• [Work instruction]: Copy task, pictures excluded: set down exactly the lines from the one containing "Dólar cai para" to the end of the data below.

• [Material provided]:
◆ ◆ ◆

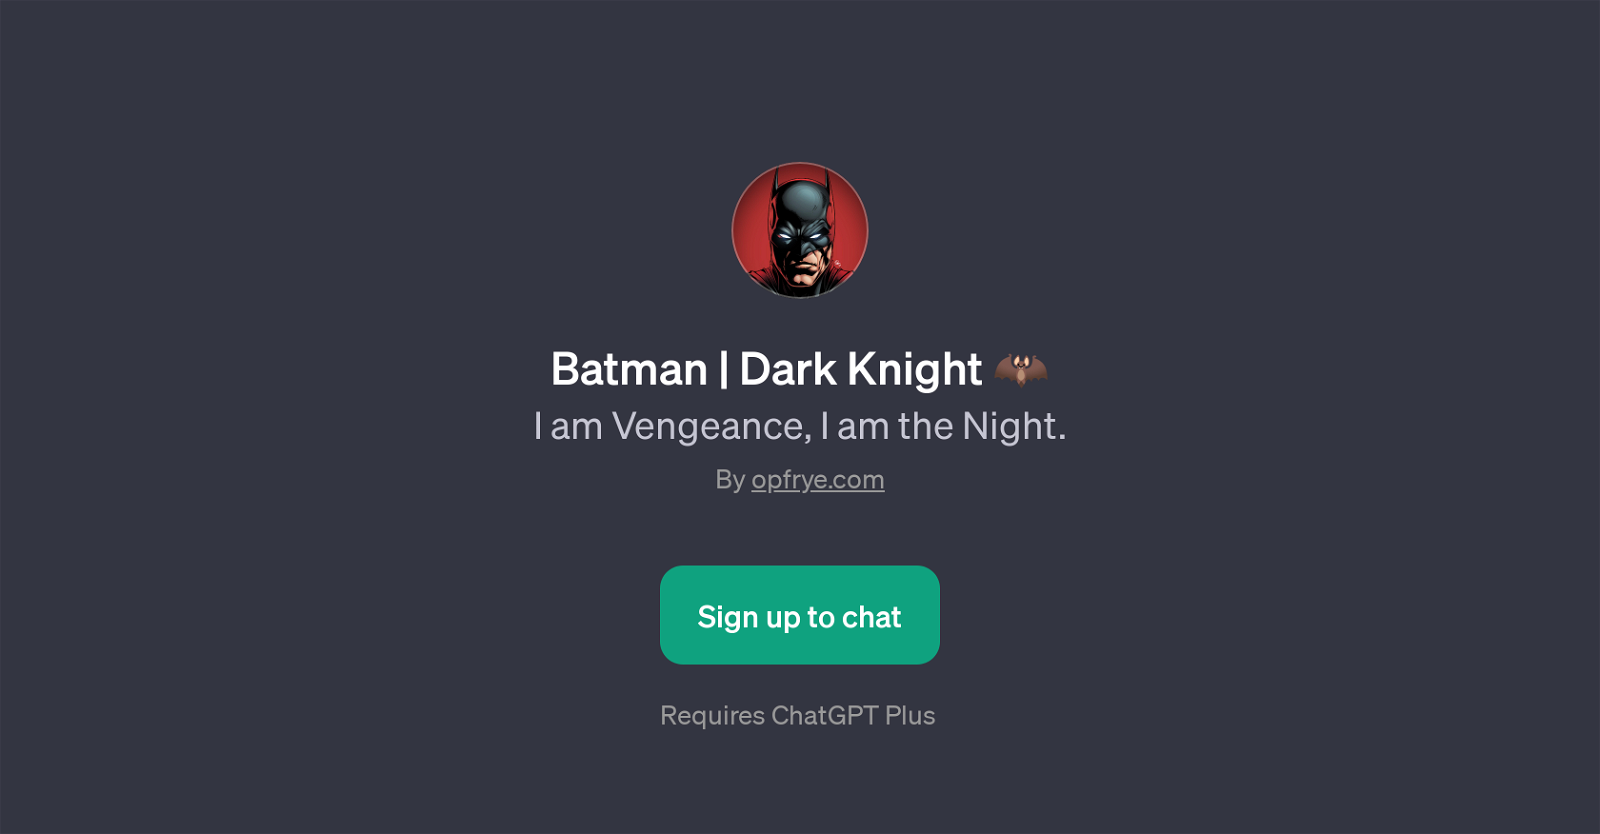 Batman | Dark Knight website
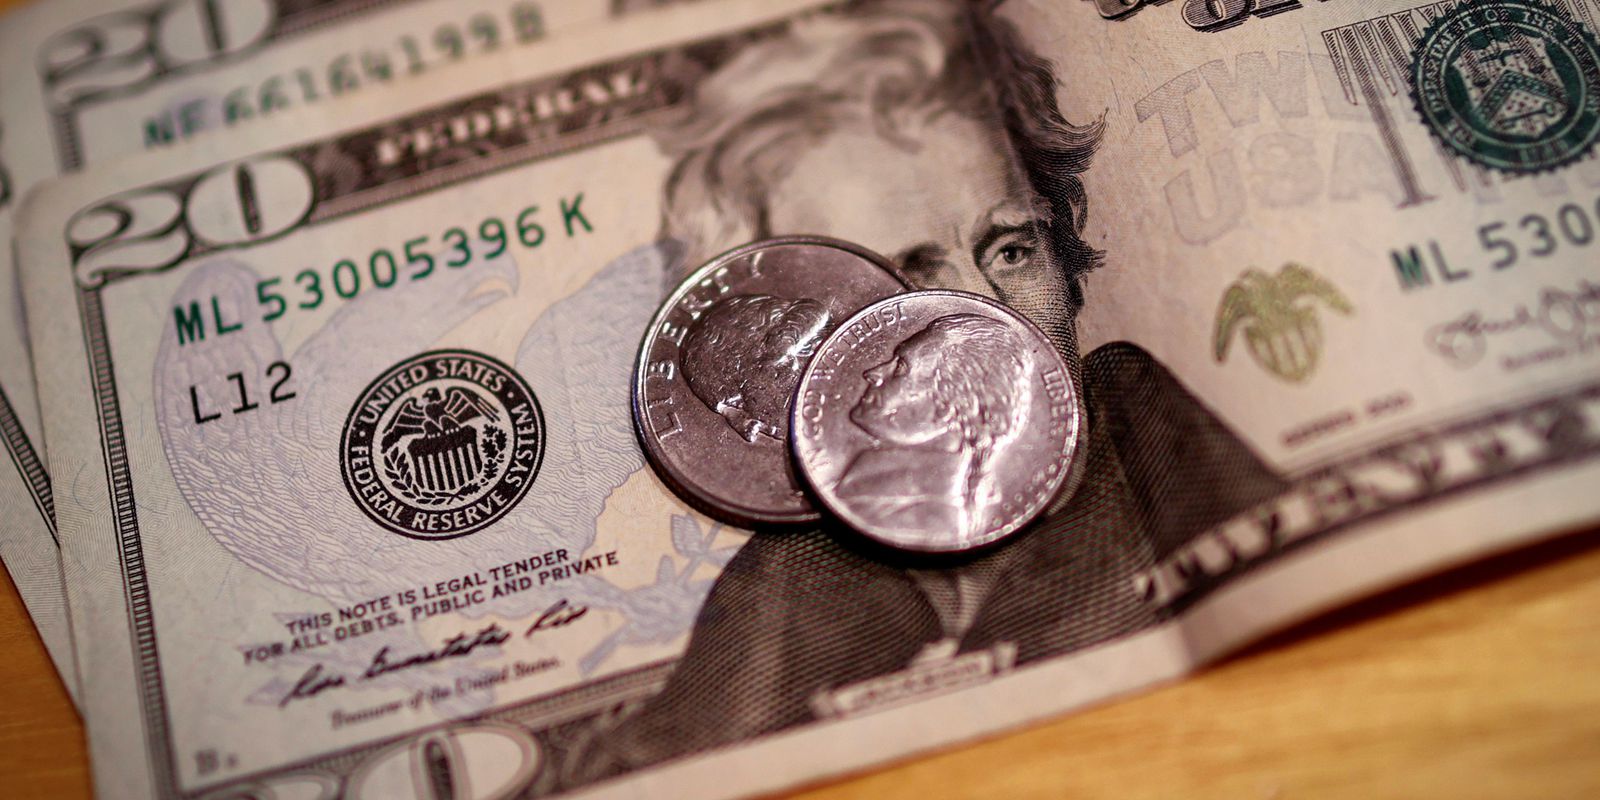 Dólar cai para R$ 5,10 após declarações de Haddad sobre reformas
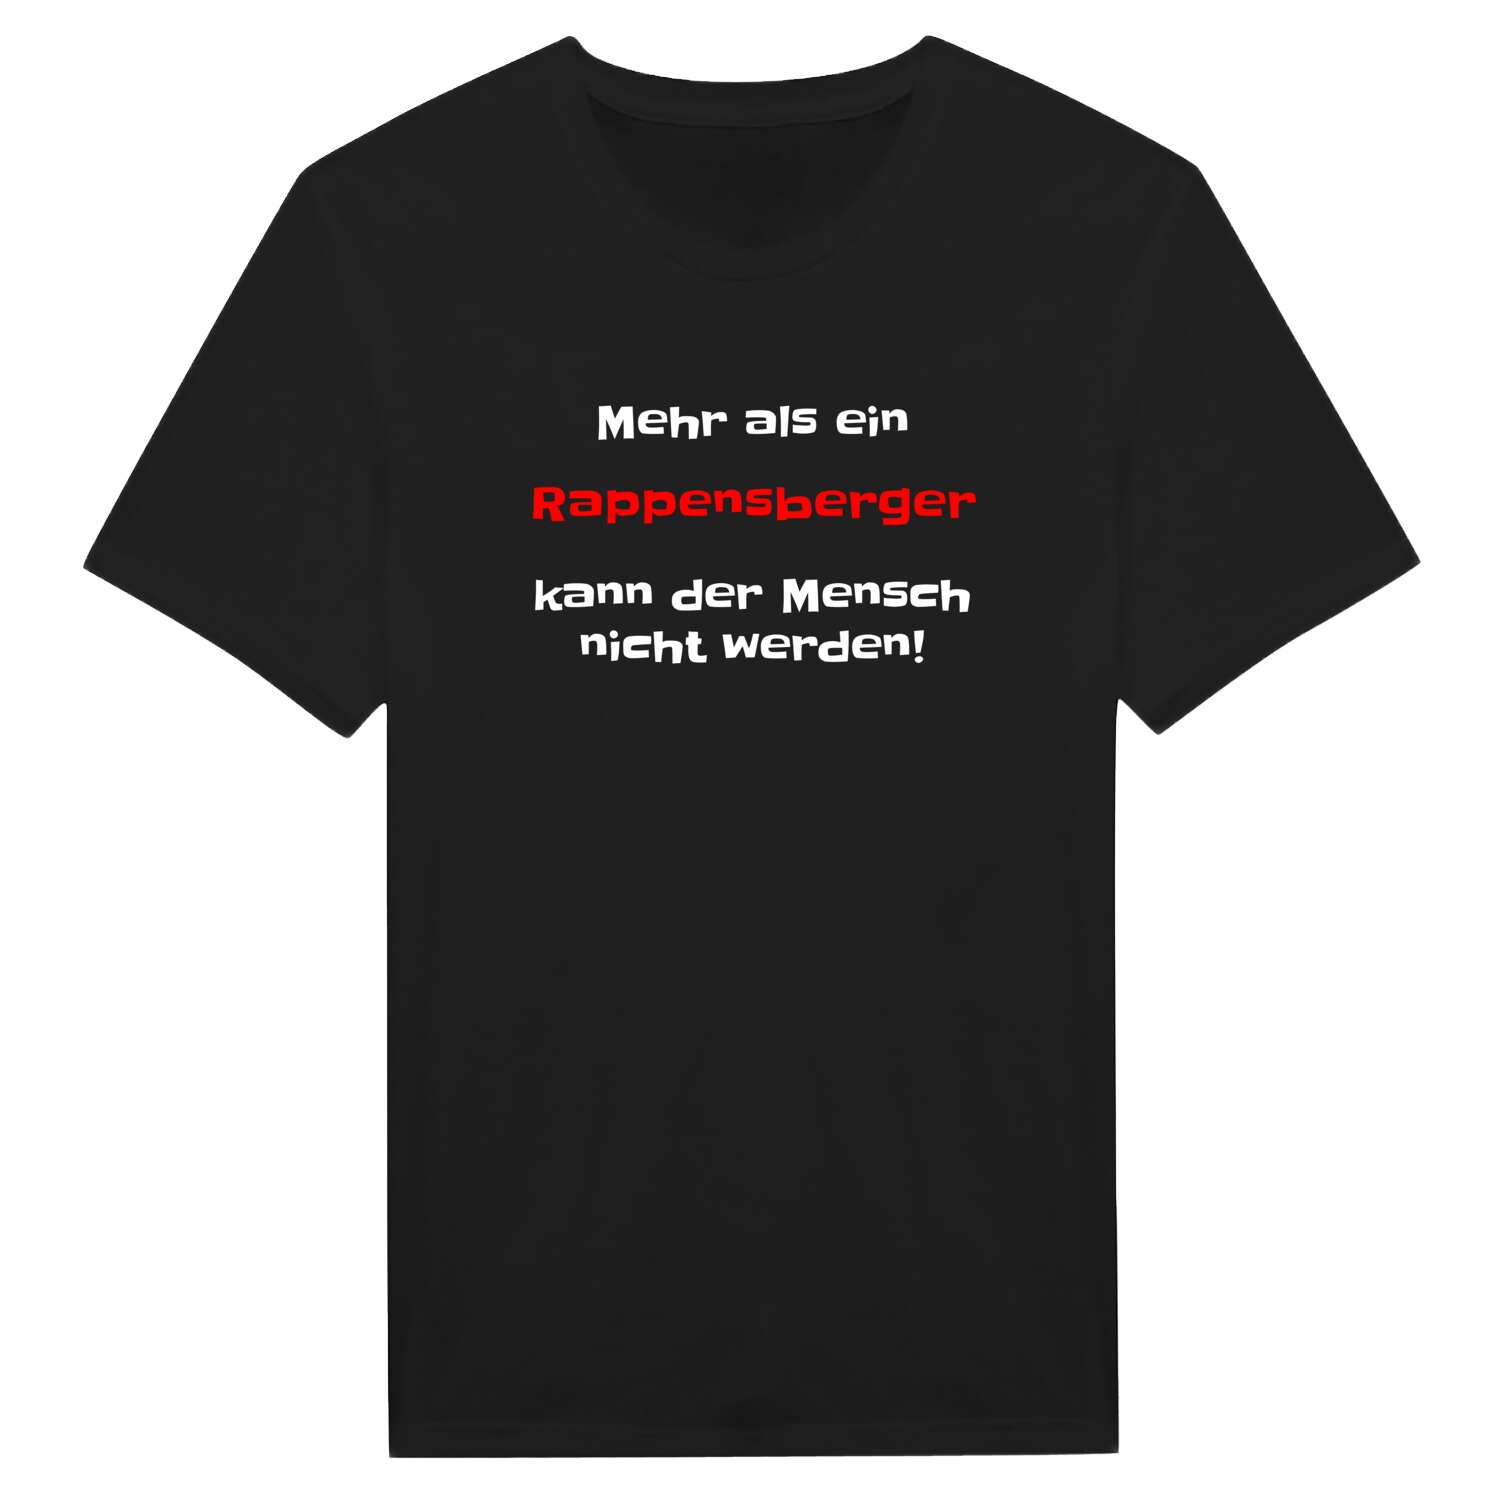 Rappensberg T-Shirt »Mehr als ein«
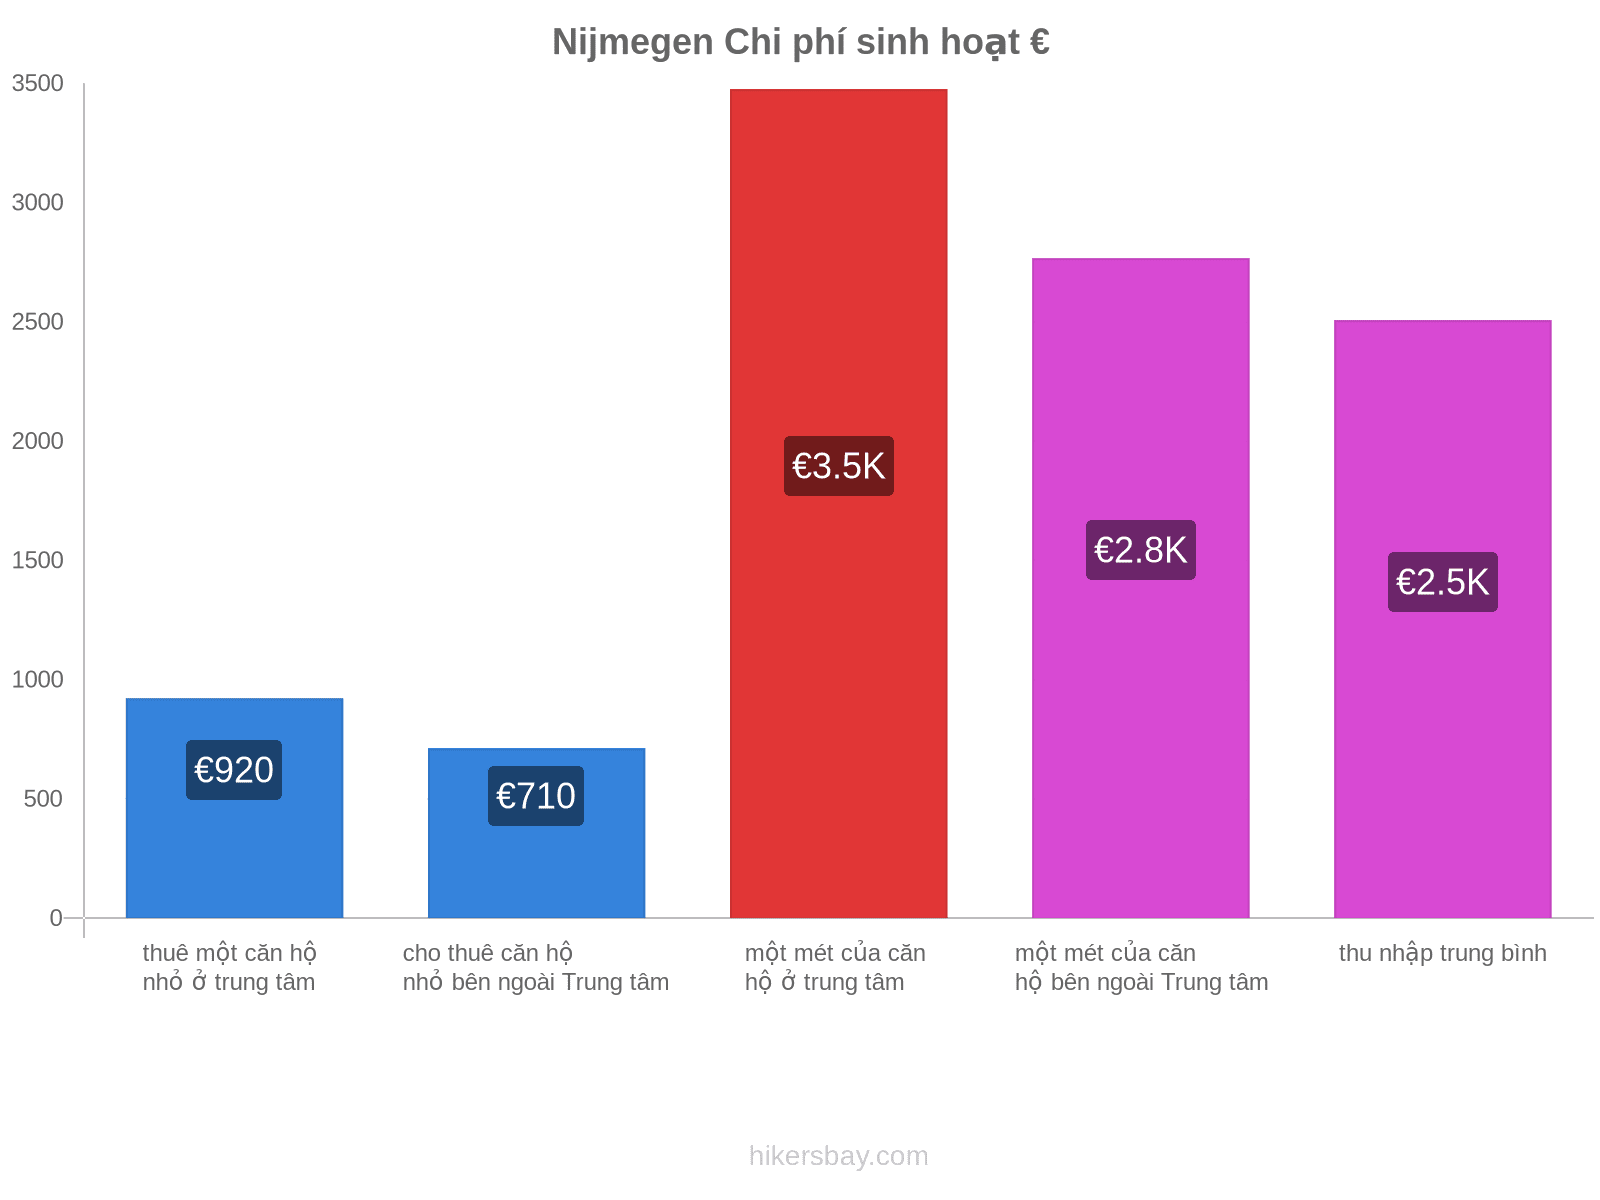 Nijmegen chi phí sinh hoạt hikersbay.com

◆ ◆ ◆

• [Result of the exercise]:
 Dólar cai para R$ 5,10 após declarações de Haddad sobre reformas
 Rappensberg T-Shirt »Mehr als ein«
 Nijmegen chi phí sinh hoạt hikersbay.com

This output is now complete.